Быстрее, пока тебя не пришлось переименовать в Провал…

Увеличиваясь в размерах, Обвал становился почти нечувствительным к боли и, возможно, только благодаря этому он все еще мог двигаться, теряя заживо целые куски. Палаш сжал зубы и нетерпеливо бросился подручному навстречу, вскидывая один из своих мечей фигурной рукоятью вверх. Ее венчал неприметный шар из стекла с клубившимся туманом внутри, чье меланхоличное движение разительно отличалось от красного хаоса, творившегося снаружи.

Применять артефакт для перемещения на расстоянии чуть больше вытянутой руки от противников?! Такое могло прийти в голову только неопытному воришке, но никак не матерому волку с железными когтями и медными шрамами.

Ошибка Палаша выглядела настолько явной, настолько отчаянной и глупой, что это просто не могло быть действительно ошибкой. Скорее уж сыром в мышеловке, свежим и продырявленным насквозь.

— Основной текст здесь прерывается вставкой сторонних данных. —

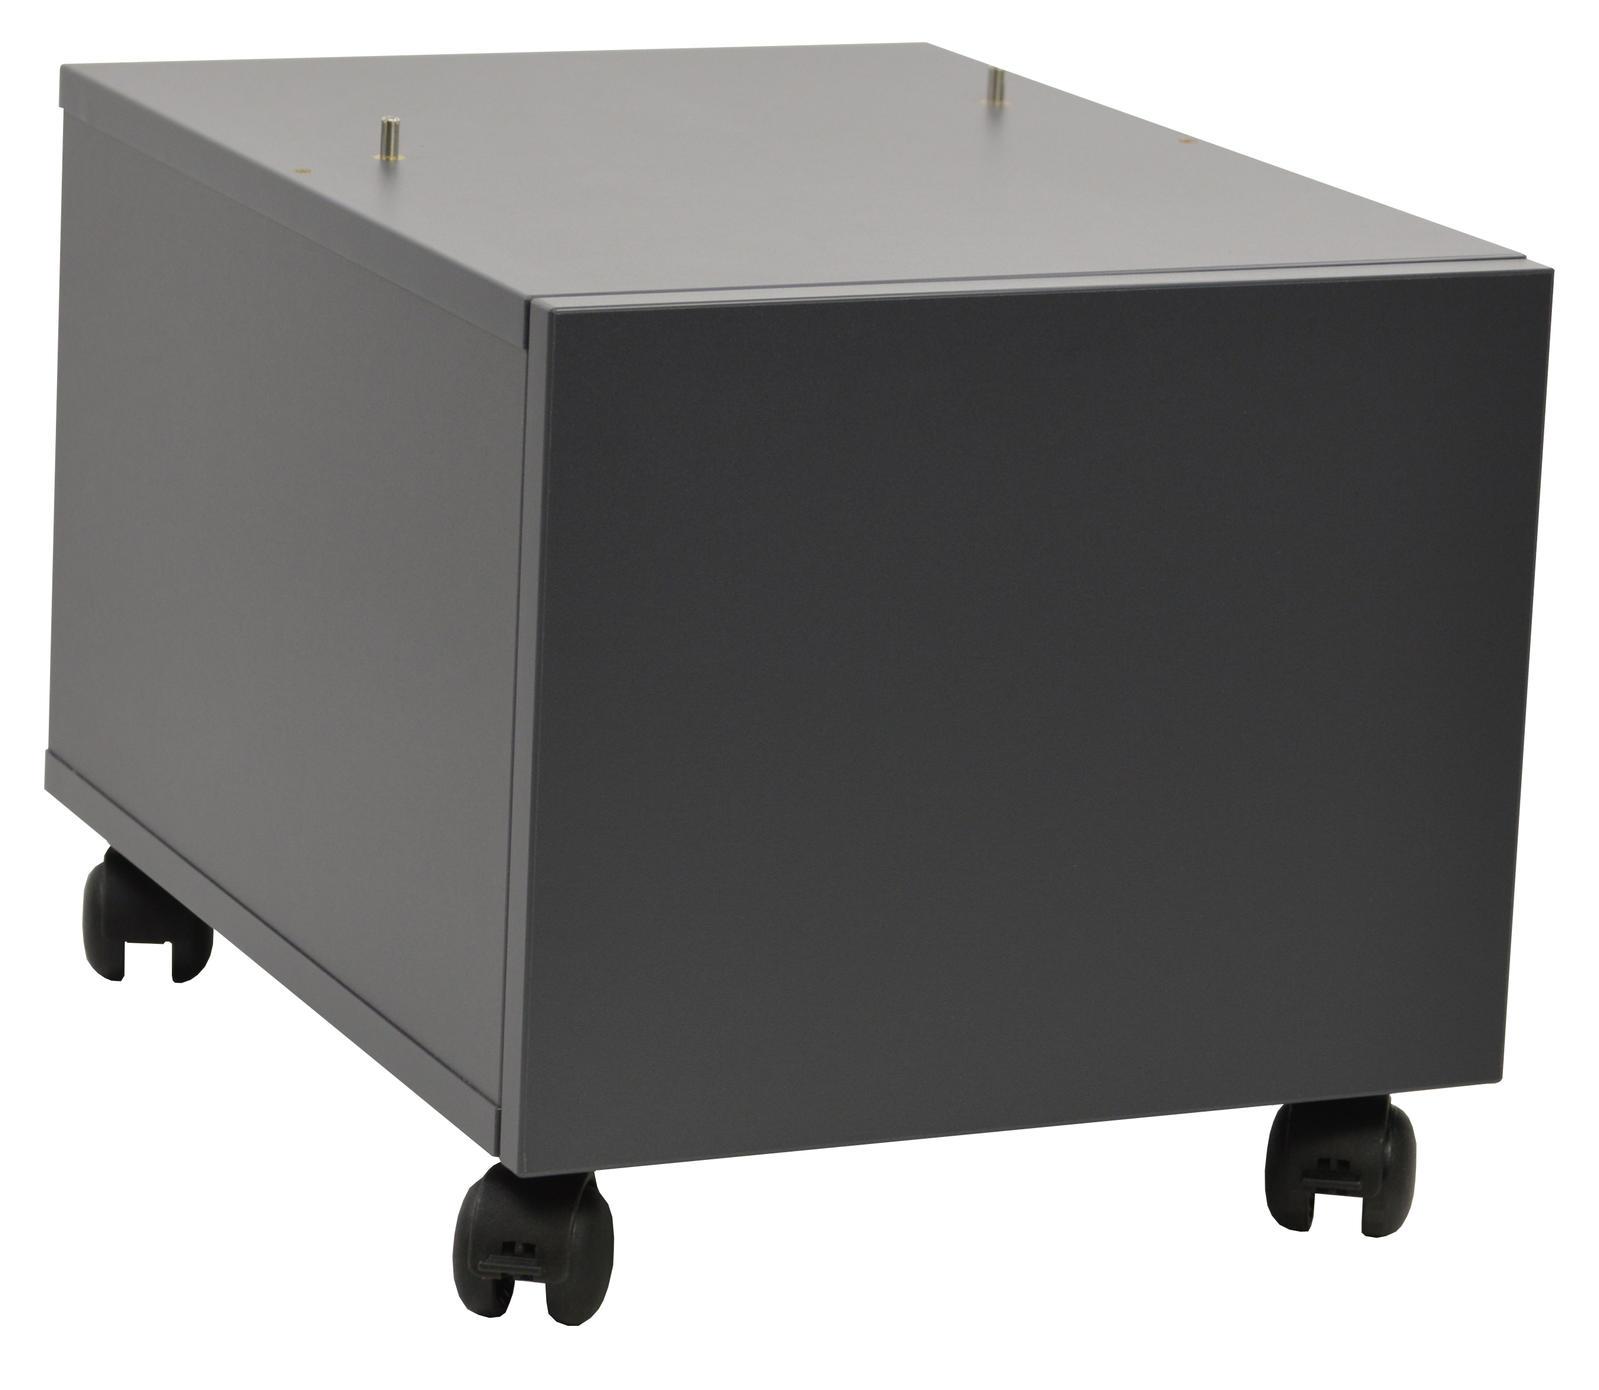 Kyocera CB-5100L

Боевая трость Оцелота, которая хранила в себе гораздо больше секретов, чем один клинок, успела попрощаться с врагами колким укусом змеи в открытое плечо Палаша, впрыснув в рану буквально одну песчинку. Маленький сигнальный огонек для маяка в темноте. А дальше была только взметнувшаяся буря.

Догадка Оцелота о том, что Палаш слишком уж вызывающе хотел, чтобы инквизиция последовала за ним, ухватив шлейф магии артефакта, все же опоздала. Добыча была слишком близко, чтобы хищники инстинктивно не прыгнули к ее открытому горлу, и неожиданно разряженный ледяной воздух пробил ноздри. Зрачки обожгло яркое солнце, выжигающее перистые линии на облаках. Внизу.

Проклятье…

Артефакт Палаша для перемещения был настроен на то, чтобы выбросить погоню в нескольких километрах над землей.